Tick Index
The tick index is a real-time market breadth indicator that measures the difference between the number of NYSE-listed stocks whose last trade was an uptick (price higher than the prior trade) and those whose last trade was a downtick (price lower than the prior trade), providing a snapshot of the prevailing directional bias across the broad market at any given moment.
The tick index — typically referred to by its data symbol $TICK on most charting platforms — is calculated continuously during the regular NYSE trading session by computing: Tick = (Number of NYSE stocks on an uptick) minus (Number of NYSE stocks on a downtick). Because it is updated with every trade across all NYSE-listed securities, the tick index fluctuates rapidly and is primarily used as an intraday tool rather than an end-of-day indicator.

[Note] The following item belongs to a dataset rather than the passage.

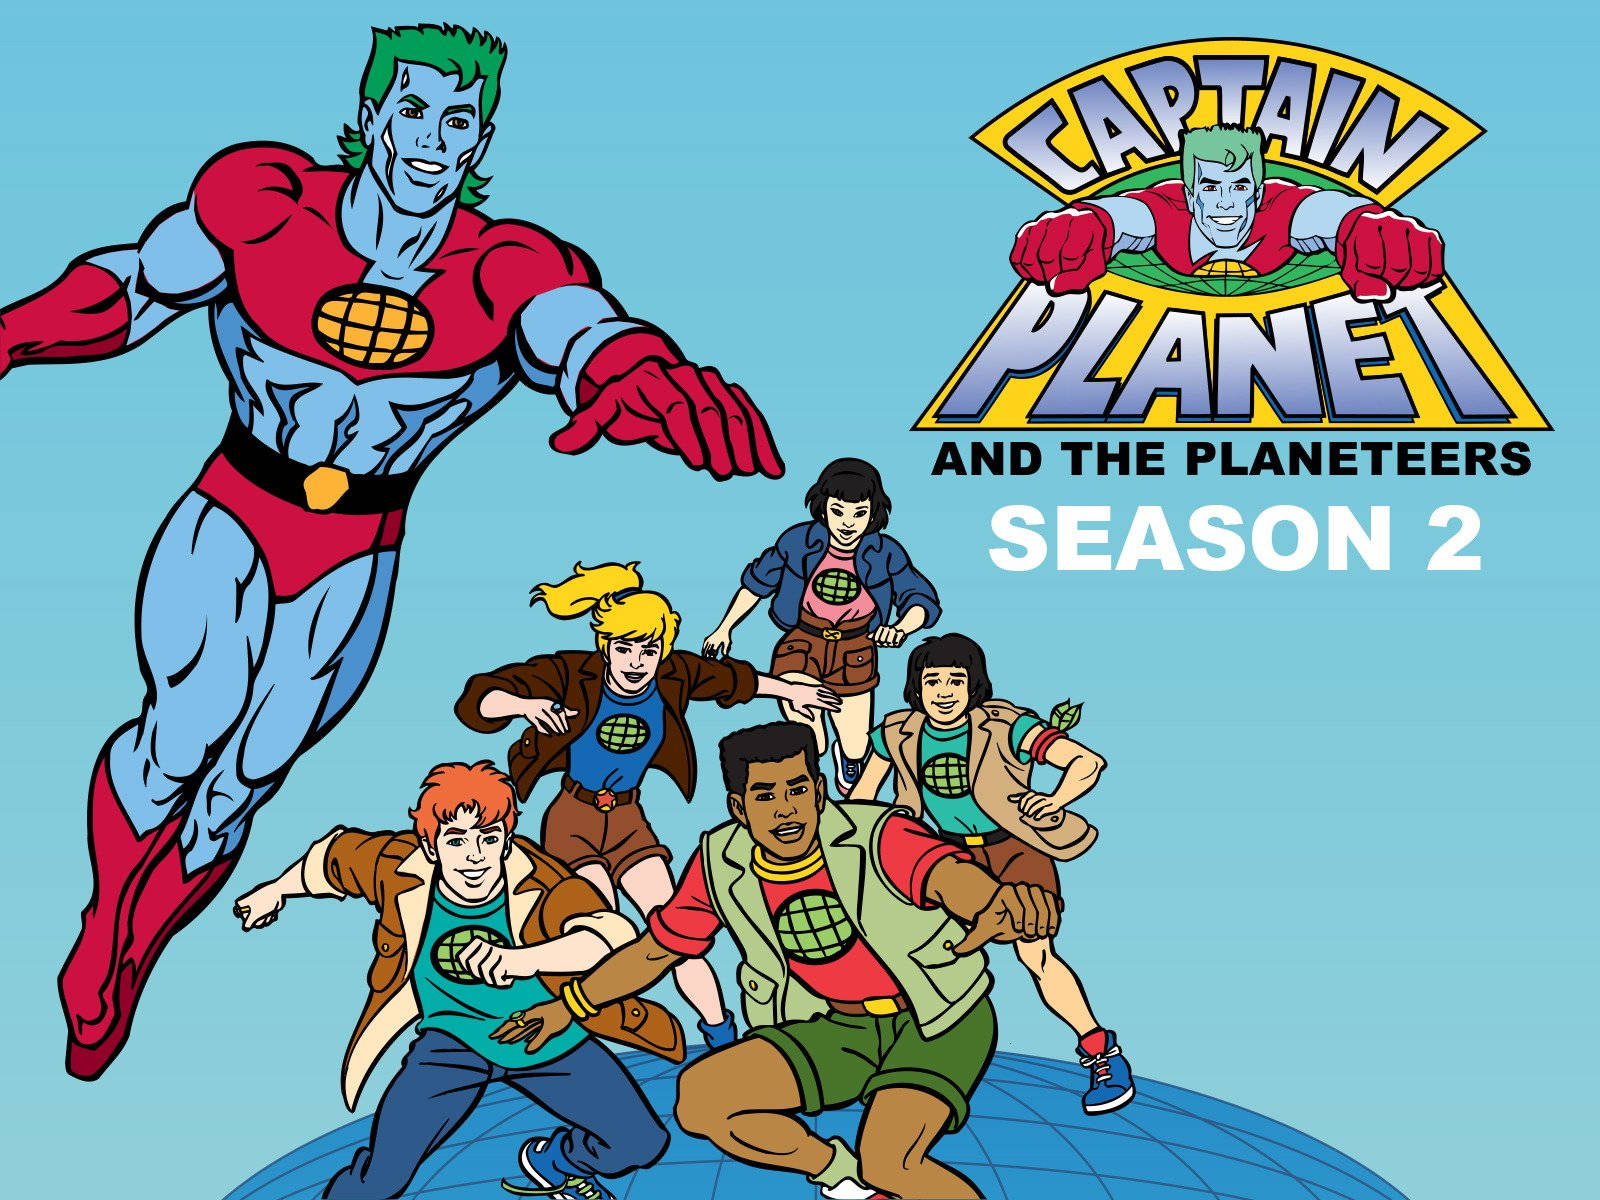 Captain Planet And The Planeteers Season 2 Background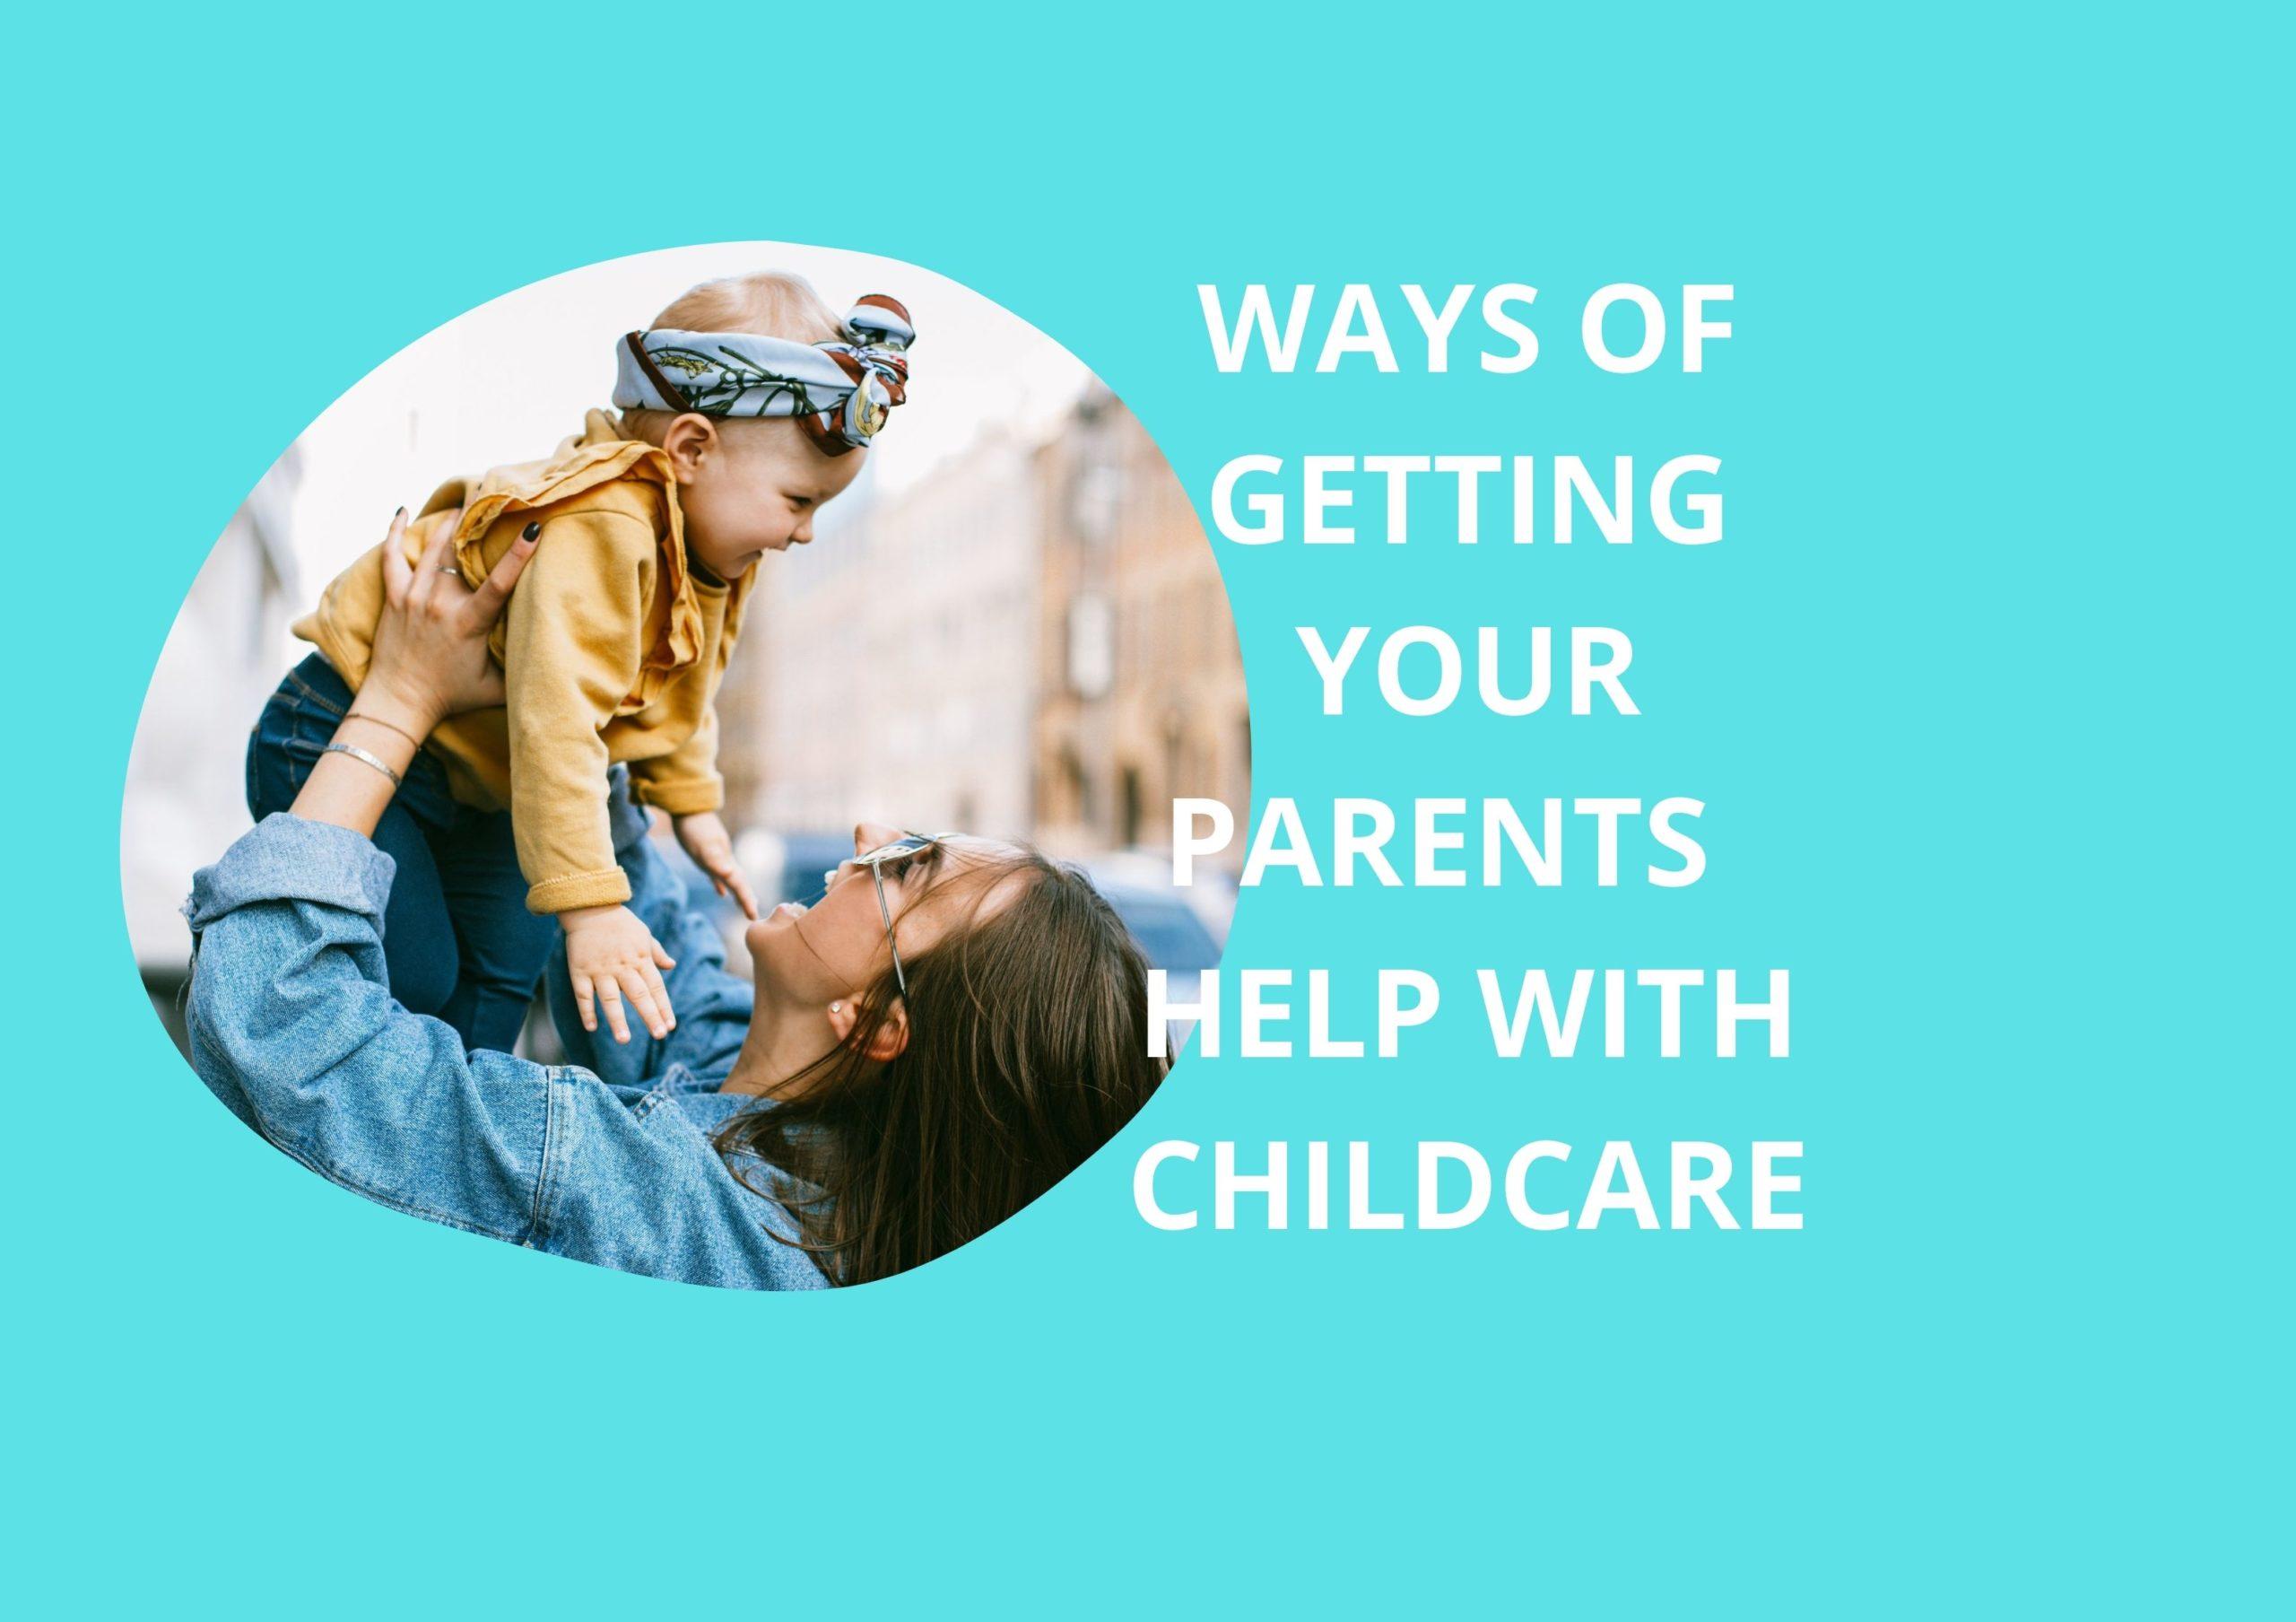 Simple Expert Secrets & Tips to Get Parents /Family Help with Childcare

Historically, the tick index has ranged from approximately -1,500 (extreme selling pressure, nearly all stocks trading on downticks) to approximately +1,500 (extreme buying pressure). Readings in the range of -1,000 to +1,000 are common during normal market sessions. Values beyond +1,000 or below -1,000 have historically been considered extremes that may indicate near-term exhaustion of directional momentum — a condition sometimes called a tick extreme or tick thrust.
Some technicians track cumulative tick — a running sum of successive tick readings plotted against time, analogous to an advance-decline line — to evaluate whether intraday buying or selling pressure is persistent or episodic. A day in which cumulative tick trends consistently upward suggests broad, sustained buying across NYSE stocks, while a day of declining cumulative tick indicates persistent selling pressure.
The tick index is also used to time the entry and exit of individual stock trades by some active traders. The reasoning is that when the broad market tick is at an extreme low, selling pressure across the market is at a temporary peak, and buying into that broad weakness (in stocks with favorable underlying setups) has historically shown improved risk-adjusted entry characteristics in backtests. As with all market breadth tools, the tick index is a tool for contextualizing market conditions and does not independently determine outcomes in individual securities.